Security researcher Lukasz Olejnik said Amazon is holding a mandatory meeting about AI breaking internal systems after a briefing note described a trend of incidents with “high blast radius” caused by “Gen-AI assisted changes,” alongside incomplete best practices and safeguards. Gary Marcus quickly amplified the warning as evidence that reliability concerns around AI-assisted engineering are no longer theoretical. The post matters because it points to a new phase in the AI tooling story: companies are no longer just measuring how much agentic coding can accelerate delivery, but how much operational risk it can introduce when used across large production environments.

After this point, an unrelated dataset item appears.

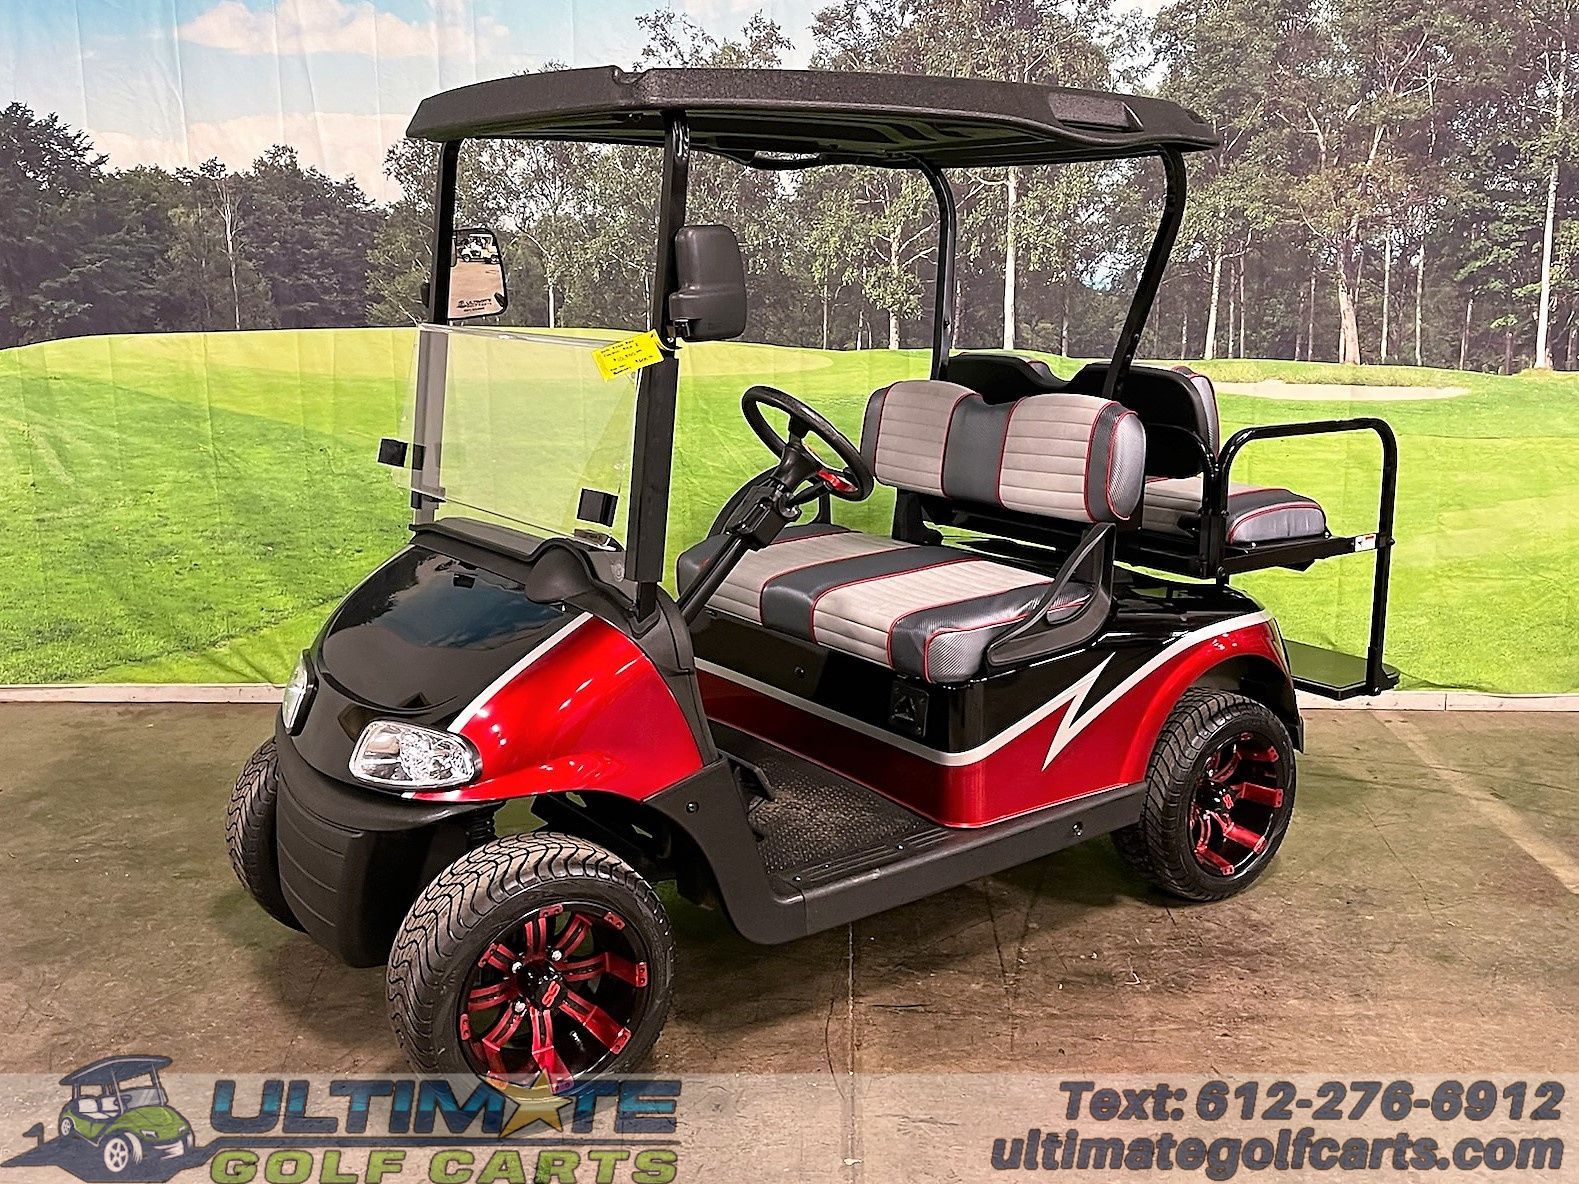 Services & Products Ultimate Golf Carts Brainerd in Brainerd MN

Marktechpost reported that ByteDance has released DeerFlow 2.0, an open-source “SuperAgent” framework designed to orchestrate sub-agents, memory systems, and sandboxes for more complex workflows. The release is notable because it reflects a broader shift in open source AI tooling away from single-agent chat interfaces and toward execution stacks built for multi-step autonomous work. For builders, it points to a more modular way to compose research, coding, and task automation systems.
Aravind Srinivas showcased two community-built examples of Perplexity Computer being used for practical consumer automation: one moved a Spotify playlist to YouTube Music from a single pasted URL, and another created a peer-to-peer file transfer app with direct encrypted transfer and no account requirement. The significance is not just the individual demos but the pattern they suggest. Computer-use agents are starting to look like a new layer for coordinating work across existing consumer apps and services, turning awkward manual flows into one-step tasks. That gives Perplexity Computer a clearer product identity as an automation surface rather than just a flashy demo environment.